Побыв еще некоторое время у могилы, друзья вернулись в полк, где Забарела передал Восковцеву письма Алхазуру его матери, несколько вырезанных из дерева фигурок советских солдат, кинжал, а также его орденскую книжку с медалью «За отвагу».

Посмотрев на фигурки воинов, Восковцев заметил:

– И у меня есть такая – подарок Алхазура, мой оберег.

Кивнув, Забарела закончил фразу:

– Алхазур, Степанков и Игнатов представлены к орденам, посмертно…

Подержав некоторое время кинжал в руках, Восковцев вернул его Забареле со словами:

– Возьми на память о нашем боевом товарище. Тебе пригодится.

Взяв с благодарностью кинжал, Забарела продолжил:

– Алхазур погиб, спасая раненого Степанкова. Той ночью мы захватили аж полковника-танкиста и волокли его к своим, а он каким-то образом вытолкал кляп изо рта и давай кричать. Все это происходило прямо под носом у немцев. Они жутко всполошились, и давай осыпать квадрат минами, и вдогонку за нами устремились большой группой, безостановочно стреляя на ходу. Меня задело по касательной, Степанкова ранило в спину, и он уткнулся лицом в снег, но сознание не потерял. Алхазур сразу склонился над ним, заткнул ему рану бинтом, а нам рукой махнул: мол, тащите языка, мы прикроем вас. Когда я попытался возразить, он что-то прокричал по-своему, и это было настолько решительно сказано… Одним словом, я таким его ни разу не видел и не слышал. Да и спорить было некогда.

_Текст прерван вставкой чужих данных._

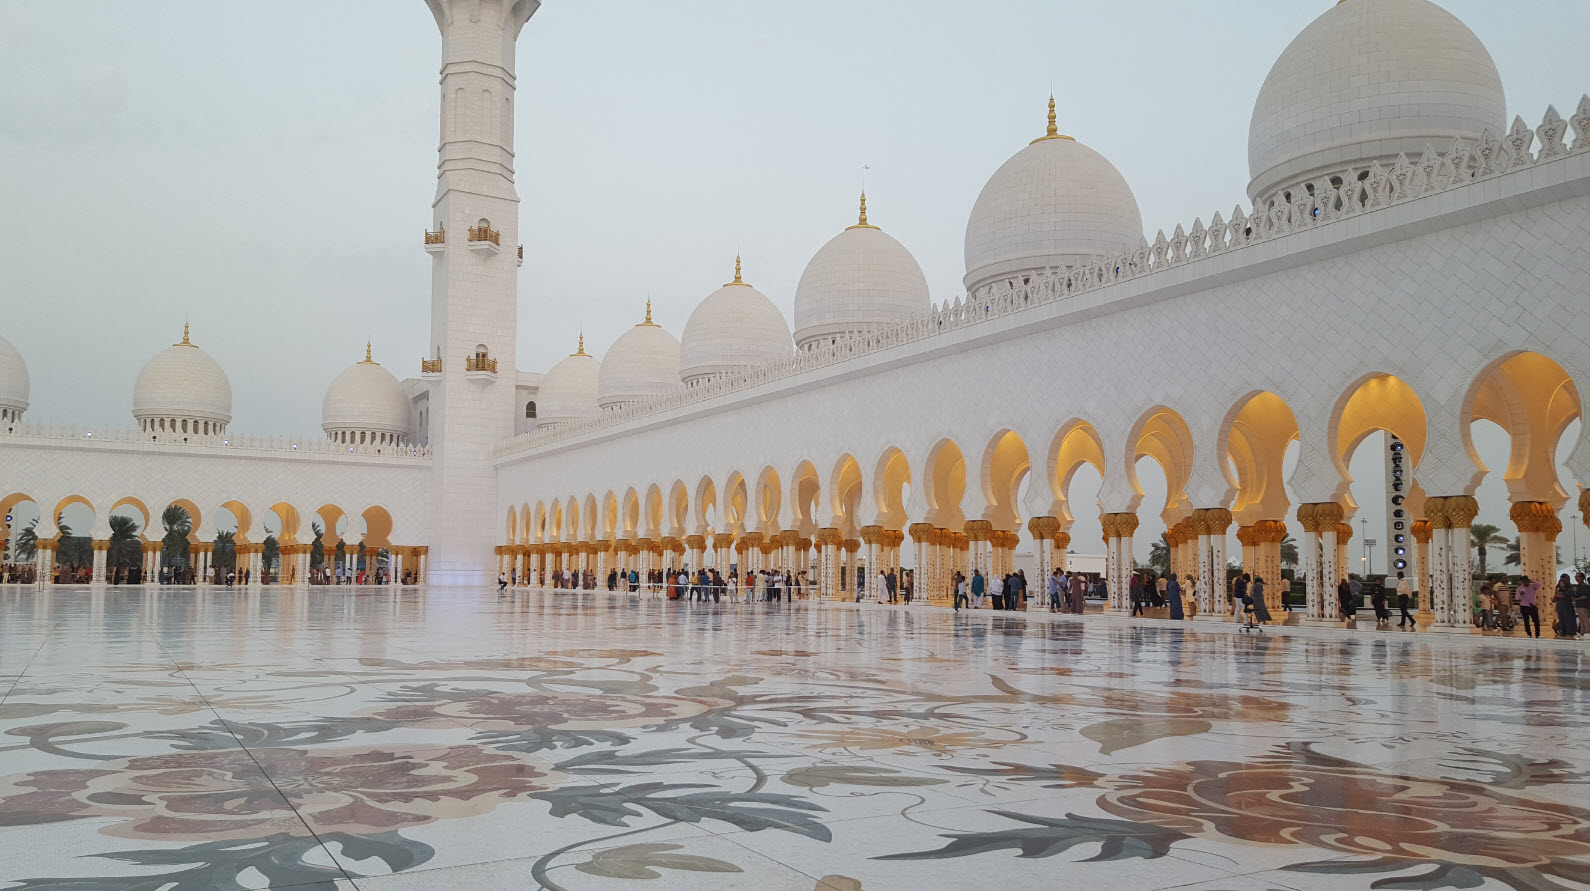 Mosque Abu Dhabi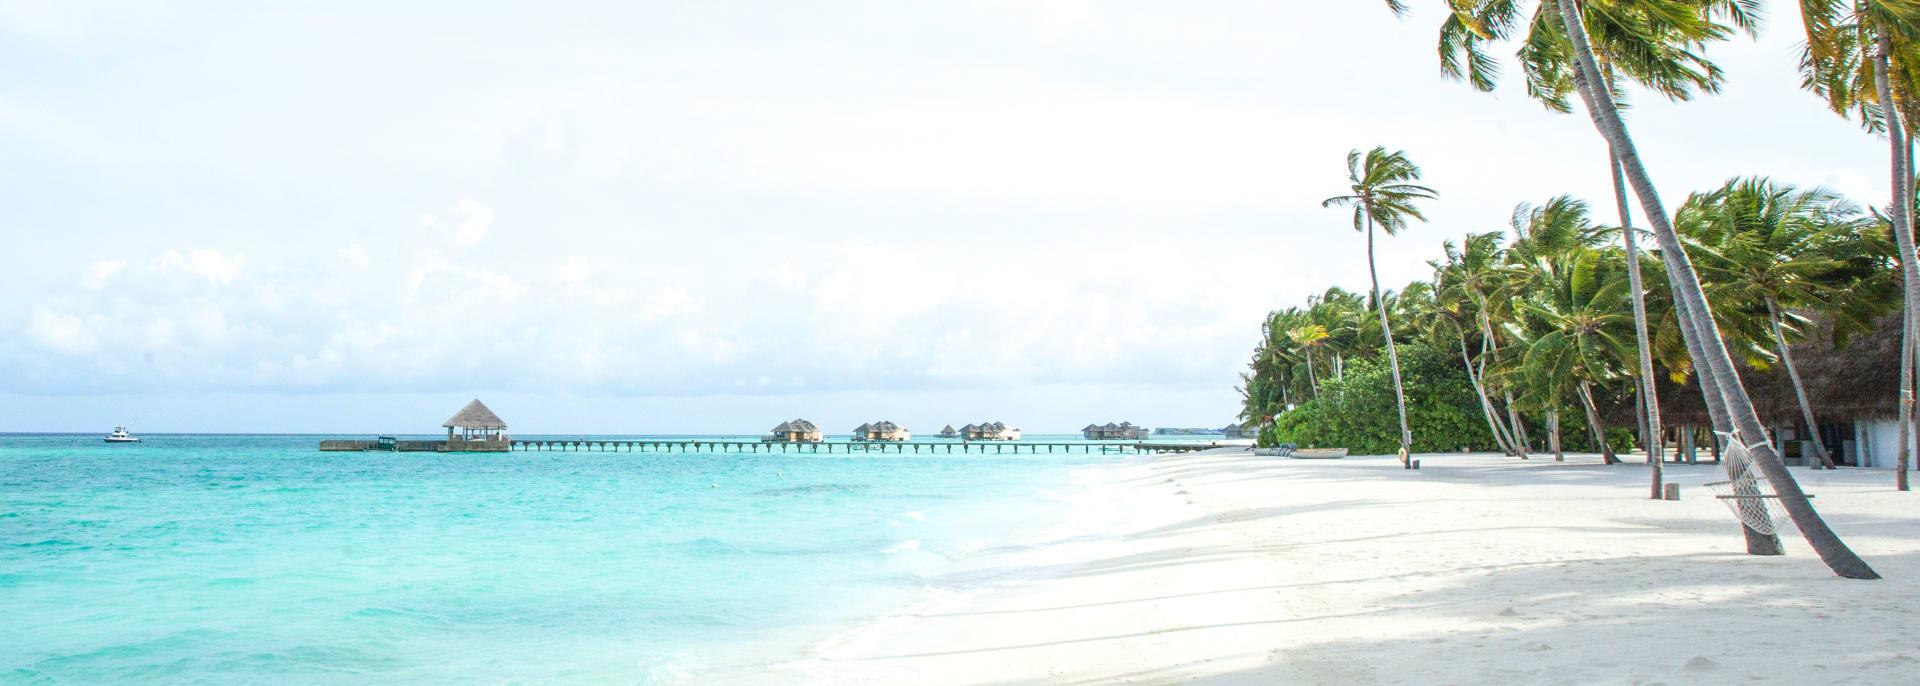 Baa atoll, Malediven

– И правильно сделал, – подчеркнул Восковцев, – думаю, в этот момент он принял решение или спасти Степанкова, или погибнуть вместе с ним. Этому его учили с детства…

– Это как у нас: сам погибай, а товарища выручай!

Восковцев лишь кивнул в знак согласия.

– Они дали настоящий бой преследователям. Когда мы вернулись туда с пехотой, то насчитали более десятка трупов немцев.

– Ребята были мертвы?

– Степанков умер там же, а Алхазур – по дороге в медсанчасть. Я его сопровождал.

– Сказал что-нибудь?

– Нет, только всё время о чём-то шептал, несмотря на то что горлом шла кровь. Татарин, что пехотой командовал, прислушался и пояснил, мол, отходную молитву произносит.

– Наверно, так и было, разве не видел под Котельниково, как его земляки над погибшими молитвы читали?

– Помню, как руки ко рту подносили и какие-то слова произносили.

– Я спросил у Алхазура об этом, когда он приходил в медсанбат. Оказывается, они с детства изучают молитвы.

– Он и в тот день, когда тебя ранило, читал молитву.

– Знаю, он сказал, что читал молитву-просьбу, чтобы Бог сохранил мне жизнь.

– Помогла, однако! – улыбнулся Забарела.

– Помогла… Особенно кровь, – горько улыбнулся Восковцев, – но сам не уберегся, обагрил кровью волжскую землю.

– Как, впрочем, и ты! Надо же, у молодца из Смоленска и джигита из Чечни оказалась одна группа крови! – удивленно заметил Забарела.

– Все мы едины, только понять эту истину – не каждому дано, – задумчиво произнес Восковцев и тут же уточнил: – Я имею в виду советских людей.

– Лёня, это ты очень хорошо подметил! Вместе мы вон какая силища, подумать только, какую зуботычину немцу отрядили здесь, на Волге, – горячась, согласился Забарела.

– Так что, мой друг, неудивительно, что мне подошла кровь Алхазура. А знаешь, он, как ребенок, радовался, видя, что я на поправку пошел, что одной рукой научился управляться. При этом не раз говорил, что теперь у его матери два сына. Когда же прощались перед моей отправкой в Ахтубу, настойчиво просил запомнить адрес матери, мол, ты выжил вопреки смерти, но твоя война уже закончилась, а ему ещё надо воевать, и не ясно, что там впереди его ждет. Словно чувствовал свою погибель… Я обязательно поеду на родину Алхазура, низко поклонюсь его матери, расскажу, каким доблестным воином, надежным другом он был, и передам ей эти вещи, что ты сохранил.

Поговорив ещё некоторое время, они выпили по стопочке спирта за упокой душ всех погибших товарищей.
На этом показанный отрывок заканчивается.